Streptokinase vs Urokinase in ST Elevation MI
Neither streptokinase nor urokinase is currently recommended as a first-line thrombolytic agent for STEMI management according to contemporary guidelines, with fibrin-specific agents being preferred.
Current Recommendations for Thrombolytic Therapy in STEMI
Preferred Thrombolytic Agents
Current guidelines from both American College of Cardiology/American Heart Association (ACC/AHA) and European Society of Cardiology (ESC) recommend:
- Primary PCI as the preferred reperfusion strategy when available within 90-120 minutes of first medical contact 1, 2
- When fibrinolysis is necessary, fibrin-specific agents (tenecteplase, alteplase, or reteplase) are recommended over non-specific agents 1, 2
The 2017 ESC guidelines explicitly state: "A fibrin-specific agent (i.e., tenecteplase, alteplase, or reteplase) is recommended" with a Class I, Level B recommendation 1.
When to Use Thrombolytic Therapy
Fibrinolytic therapy should be administered when:
- Primary PCI cannot be performed within 120 minutes of first medical contact 1, 2
- Administered within 30 minutes of first medical contact 2
- Most effective within first 2-3 hours of symptom onset 1
Historical Context of Streptokinase vs Urokinase
Both streptokinase and urokinase are older, non-fibrin-specific thrombolytic agents that have largely been replaced by newer fibrin-specific agents in contemporary practice.
Streptokinase Considerations
- Less expensive than newer agents 3
- Associated with higher rates of allergic reactions
- Requires 60-minute infusion 3
- Cannot be readministered due to antibody formation
- Lower rates of intracranial hemorrhage compared to some newer agents 3
Comparative Efficacy
In the Middle East registry study (2012), streptokinase was associated with higher mortality at both 1-month (4.2% vs 0.8%) and 1-year (3.4% vs 0%) compared to newer thrombolytic agents 4.
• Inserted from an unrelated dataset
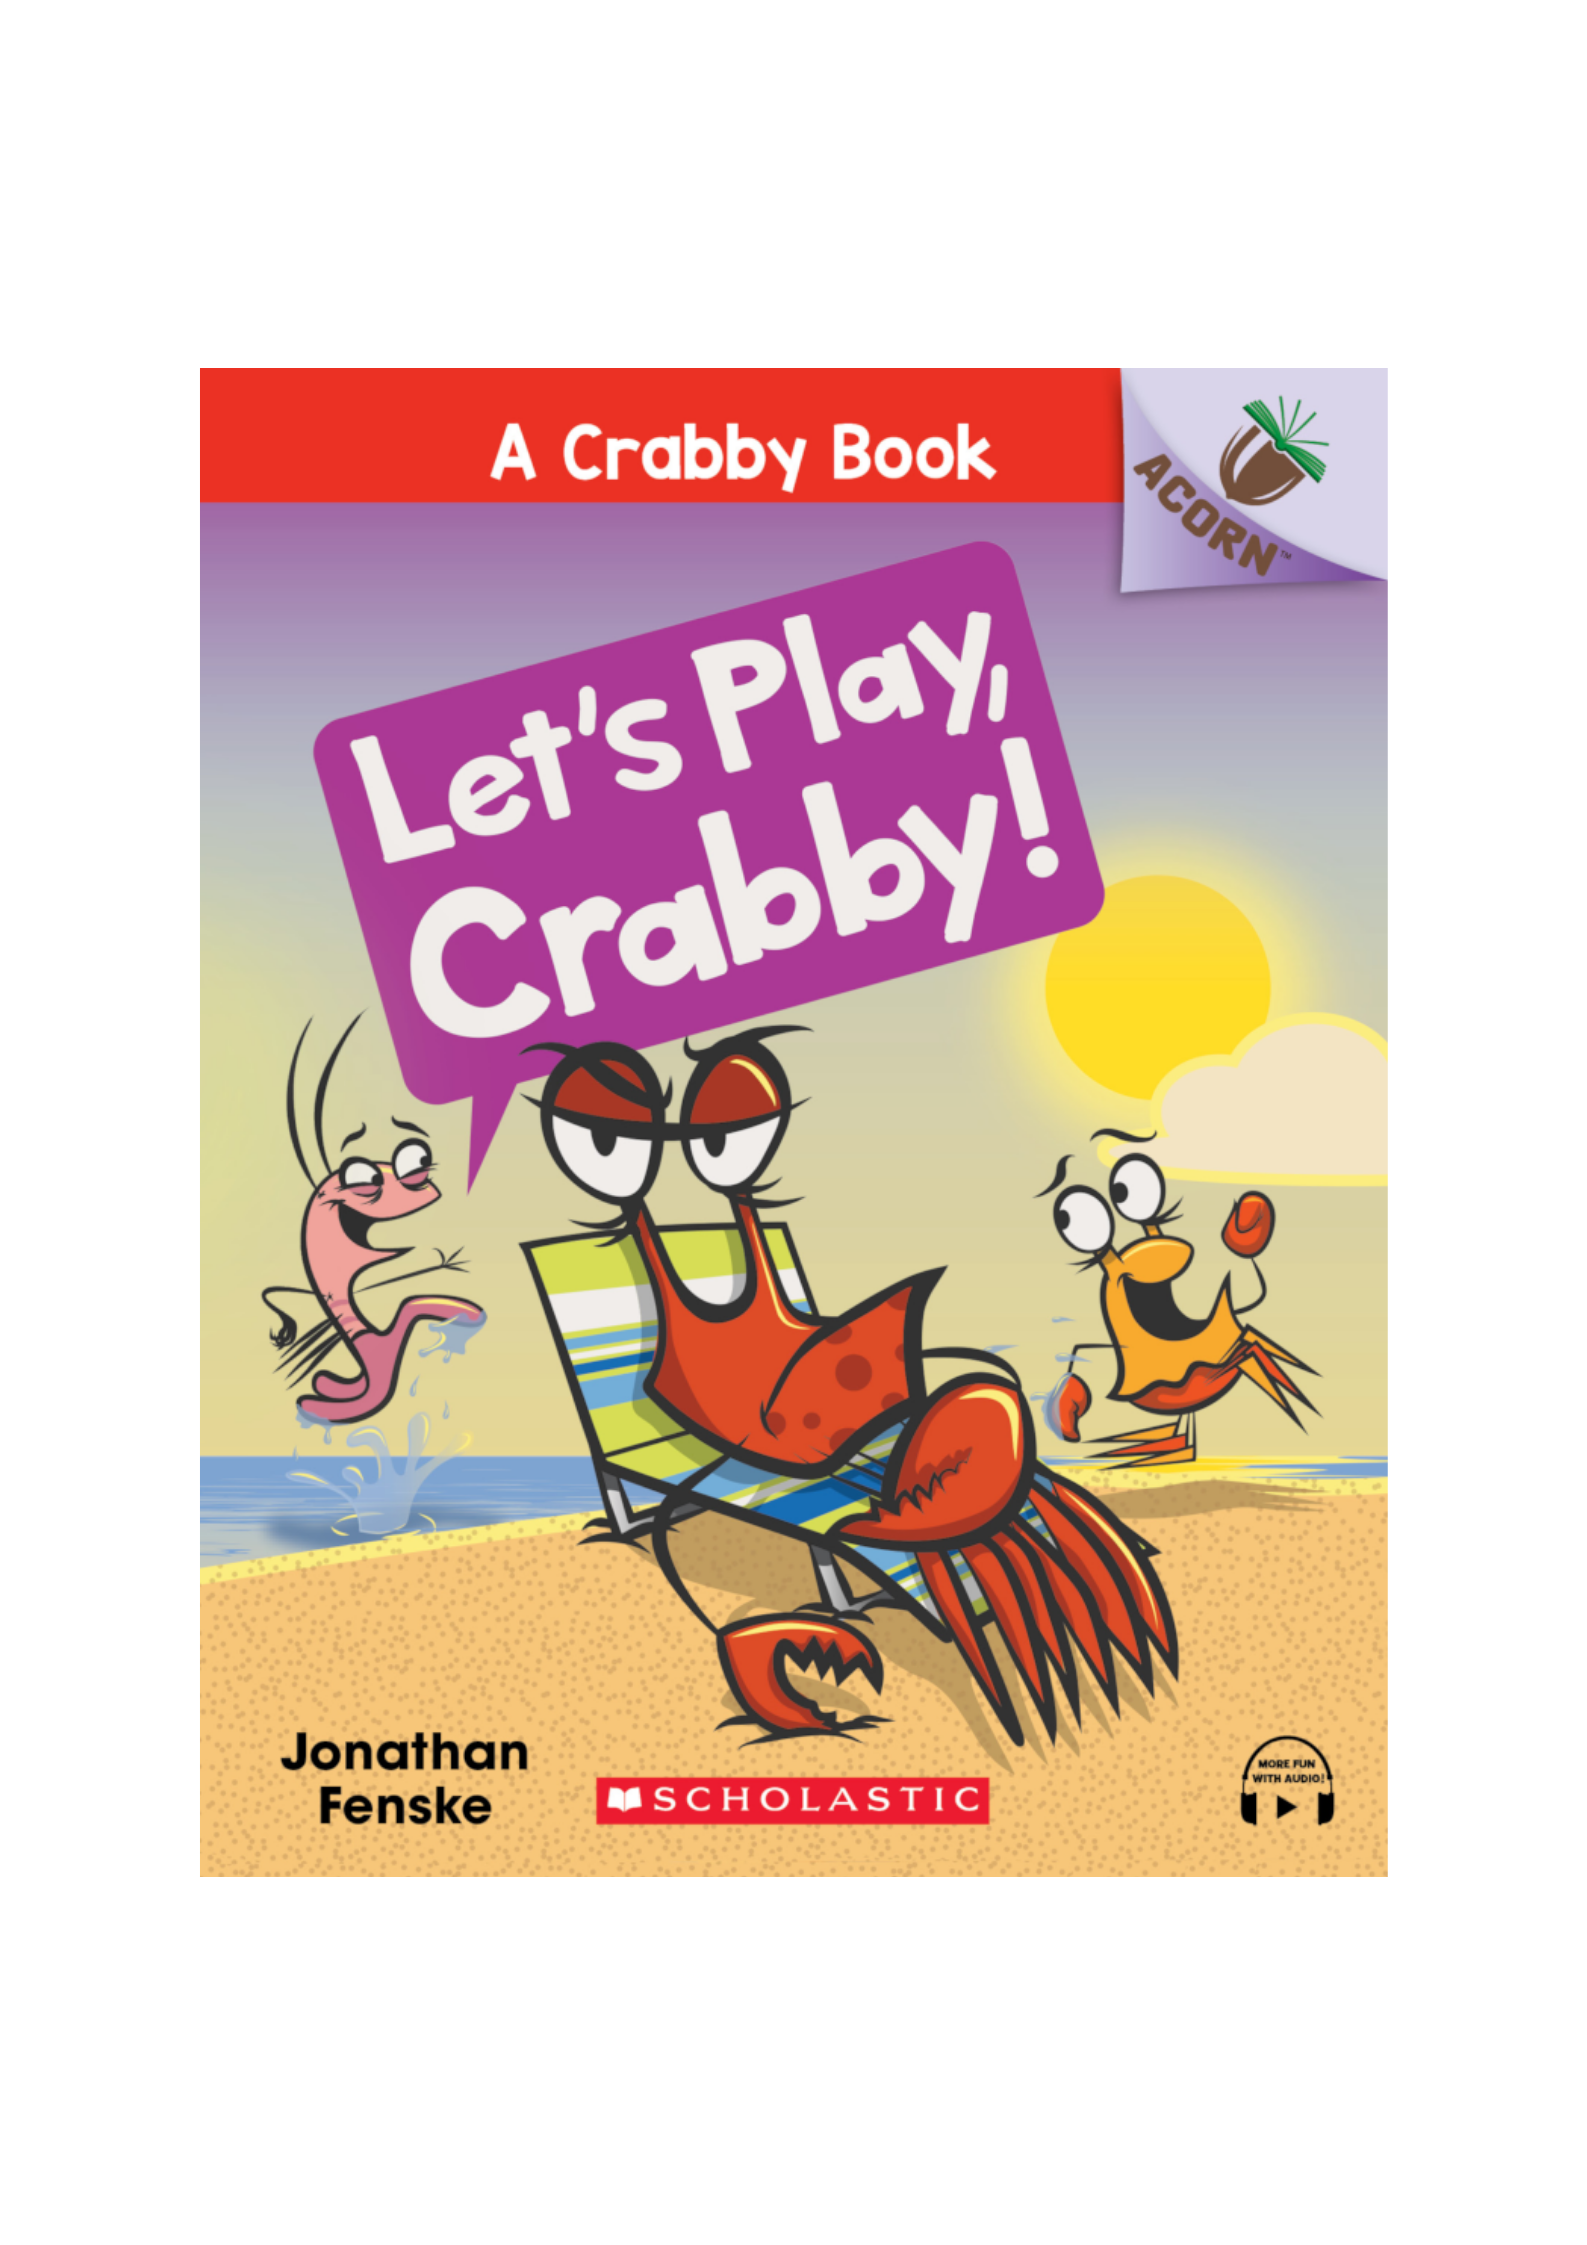 Acorn – A Crabby Book #2: Let’s Play, Crabby!

Adjunctive Therapy with Thrombolytics
Regardless of the thrombolytic agent used, guidelines recommend:
- Aspirin (162-325 mg loading dose) 1, 2
- Clopidogrel (300 mg loading dose if ≤75 years old) 1
- Anticoagulation until revascularization or hospital discharge (up to 8 days) 1
Post-Thrombolysis Management
- Transfer to PCI-capable center immediately after fibrinolysis 1
- Rescue PCI indicated if fibrinolysis fails (<50% ST-segment resolution at 60-90 min) 1
- Routine angiography recommended 2-24 hours after successful fibrinolysis 1
Emerging Approaches
Recent research has explored intracoronary thrombolysis as an adjunctive therapy to primary PCI in selected cases with large thrombus burden 5, 6. However, this approach is still investigational and not part of routine care.
Key Pitfalls to Avoid
- Delayed reperfusion: Time is critical; door-to-needle time should be ≤30 minutes 2
- Inappropriate patient selection: Absolute contraindications include history of intracranial hemorrhage, significant closed head/facial trauma, uncontrolled hypertension, active bleeding, or suspected aortic dissection 2
- Overlooking age considerations: Patients ≥75 years have higher risk of intracranial hemorrhage with fibrinolysis 2
- Failure to transfer: All patients should be transferred to a PCI-capable center after fibrinolysis 1
- Missing rescue PCI opportunity: When fibrinolysis fails, immediate rescue PCI is indicated 1
In summary, when primary PCI is not available within the recommended timeframe, fibrin-specific agents (tenecteplase, alteplase, or reteplase) are preferred over older agents like streptokinase or urokinase for STEMI management.